Protein Quantification in Leaves of Three Plant Species

[0139] The conserved peptides identified in Example 4 were made into QconCATs by PolyQuant (Germany). The full sequences of the QconCATs are set out in Table 4 (SEQ ID Nos: 452 and 453). QconCAT1 contained 15N and 13C labeled lysines and arginines. QconCAT2 lysines are arginines were labeled with only 13C. The cysteines in both QconCATs were alkylated for 1 hour with 2-vinylpyridine in N-methylmorpholine/acetic acid buffer; reactions were stopped with 2-mercaptoethanol. The alkylated QconCATs were combined into a stock solution at equimolar concentrations, approximately 50 ng/μL of each.

[0140] Leaf Sample Protein Extraction

[0141] Leaf protein extraction from three species (Flooded gum, bean, corn) was carried out via the methods described in Aspinwall et al. (2019). Critically, the extraction method is quantitative and extracts nearly all the protein from leaves. Also, the leaf area of each sample was known and 38 picomoles of ovalbumin per square centimeter of leaf was added to each sample early in the extraction protocol as an internal standard. Ovalbumin was used instead of QconCATs early in the protocol because it is far less expensive. QconCATs were added later in the protocol to a small proportion of the overall extracted leaf protein. Adding QconCATs to samples early in the protocol instead of ovalbumin is functionally equivalent to adding ovalbumin early and QconCATs later. The QconCATs both contained ovalbumin peptides, which allowed measured target-to-standard ratios to be converted to target per leaf area based on the addition rate of ovalbumin (38 μmol cm.sup.−2). Additionally, target protein amounts per leaf dry weight can be calculated if dry weight per leaf area is known.

[0142] Addition of QconCAT to the Leaf Samples, Acetate Solvent Protein Extraction Method and Lys-C/trypsin Digestion

[0143] Following the alkylation step in the leaf protein extraction method, extract protein concentrations were measured using a FluroProfile Protein Quantification Kit (Sigma). Then 50 μg protein was transferred to a new microcentrifuge tube and combined with 10 μg of the QconCAT stock solution (˜0.5 μg each QconCAT). The mixture was then subjected to a methanol-chloroform extraction method modified to be quantitative according to Aspinwall et al. (2019). The resulting pellets were digested with Lys-C and trypsin in a mass spec-compatible N-methylmorpholine buffer containing Rapigest detergent (Waters) according to Aspinwall et al. (2019), with modifications to promote complete digestion. Modifications included a higher concentration of trypsin, 1.25 μg per digest, and the addition of 4 mM CaCl.sub.2. Lys-C digestion at 45° C. for 1 hour was followed by the addition of trypsin and an overnight incubation at 37° C. Digests were stopped by the addition of 2% TFA.

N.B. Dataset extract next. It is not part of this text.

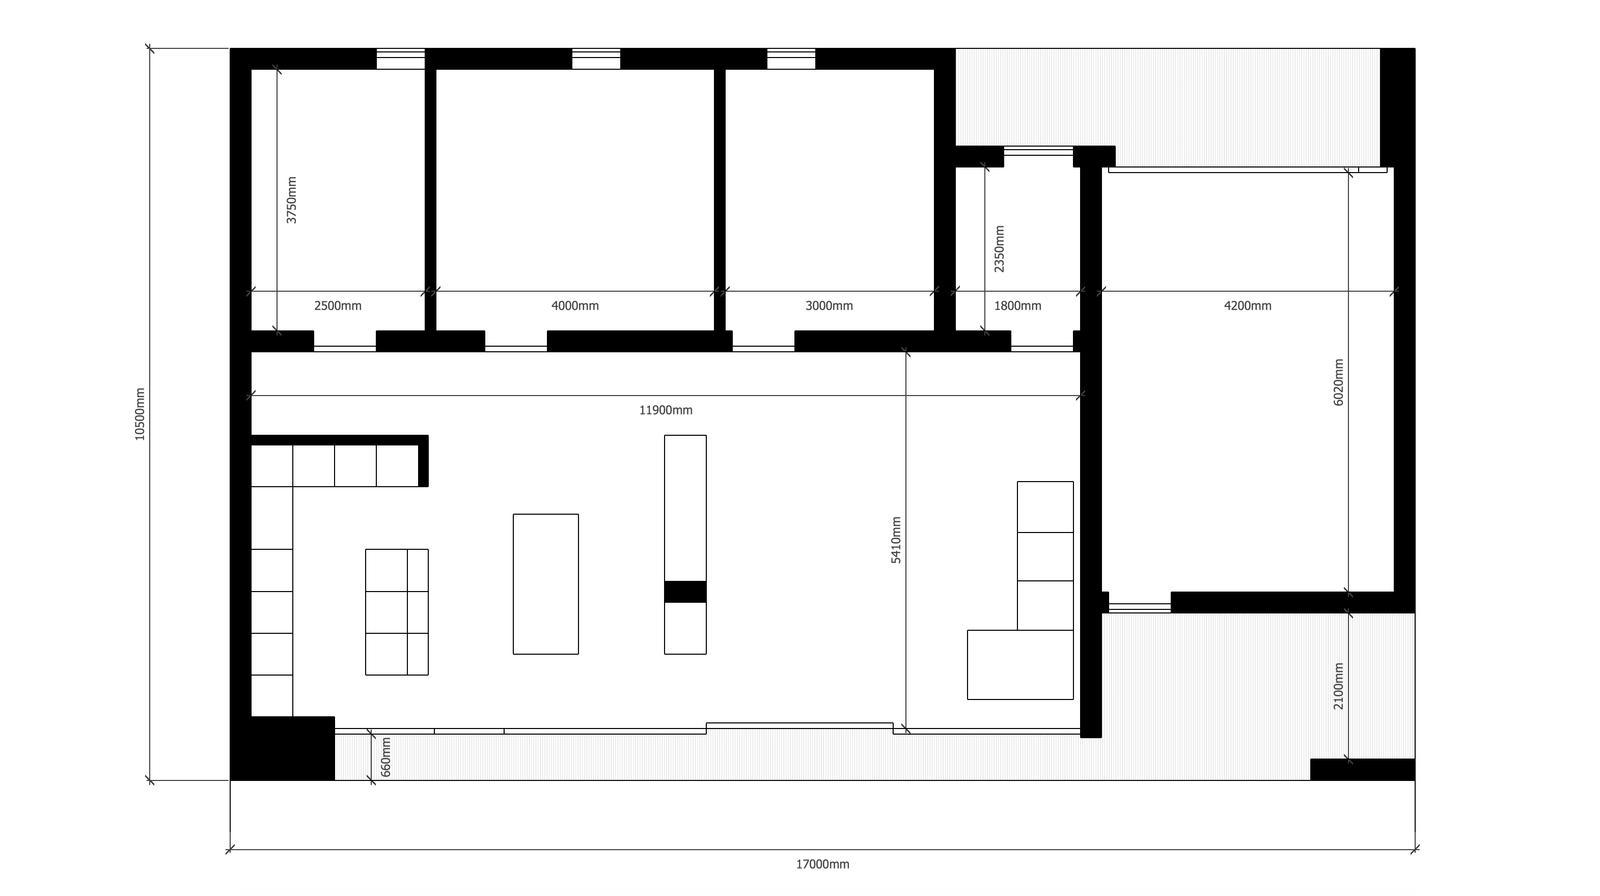 Dom vizualizacia - Obrázok č. 21

[0144] If peptides are chemically synthesized instead of produced as QconCATs, then the peptides are added to samples following trypsin digestion. Also, QconCATs can be digested separately from samples and added as peptides following the digestion step as if they were chemically synthesized peptides. The addition of peptides post-digestion works with or without ovalbumin as an internal standard added during the extraction method. However, adding ovalbumin or intact QconCATs early in the extraction method is preferable to adding only peptides post-digestion because the added proteins effectively account for non-specific protein losses during sample processing.

[0145] Mass Spectrometric Analysis

[0146] Following digestion, the peptides were subjected to mass spectrometric analysis according to

[0147] Aspinwall et al. (2019). Briefly, 0.2 μg peptides per sample were analyzed by SWATH LC-MS/MS on a Sciex TripleTOF 6600 according to Cain et al. (2019) with the following modifications. The column was 10 centimeters and was run at room temperature. The acquisition LC gradient was 60 minutes. Sixty (60) variable width SWATH windows were used.

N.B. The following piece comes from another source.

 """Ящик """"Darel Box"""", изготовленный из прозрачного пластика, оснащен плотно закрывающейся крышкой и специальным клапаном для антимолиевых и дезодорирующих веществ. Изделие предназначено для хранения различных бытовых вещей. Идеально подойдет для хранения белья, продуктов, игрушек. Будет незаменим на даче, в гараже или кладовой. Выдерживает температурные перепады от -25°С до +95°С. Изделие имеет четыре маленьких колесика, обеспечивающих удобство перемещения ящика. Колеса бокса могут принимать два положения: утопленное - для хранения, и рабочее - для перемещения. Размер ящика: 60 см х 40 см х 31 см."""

[0148] Using SWATH to analyze samples that include isotope labeled standards differs from more typical targeted mass spectrometry methods such as Selected Reaction Monitoring (SRM). SRM sets the mass spectrometer to only measure targeted analytes and their corresponding internal standards. SWATH captures data for all observable peptides in a sample—afterwards, data for the target analytes and internal standards are extracted using software. SWATH data allow the analysis of additional proteins not represented by internal standards by other means, if desired, without having to re-run the sample on a mass spectrometer.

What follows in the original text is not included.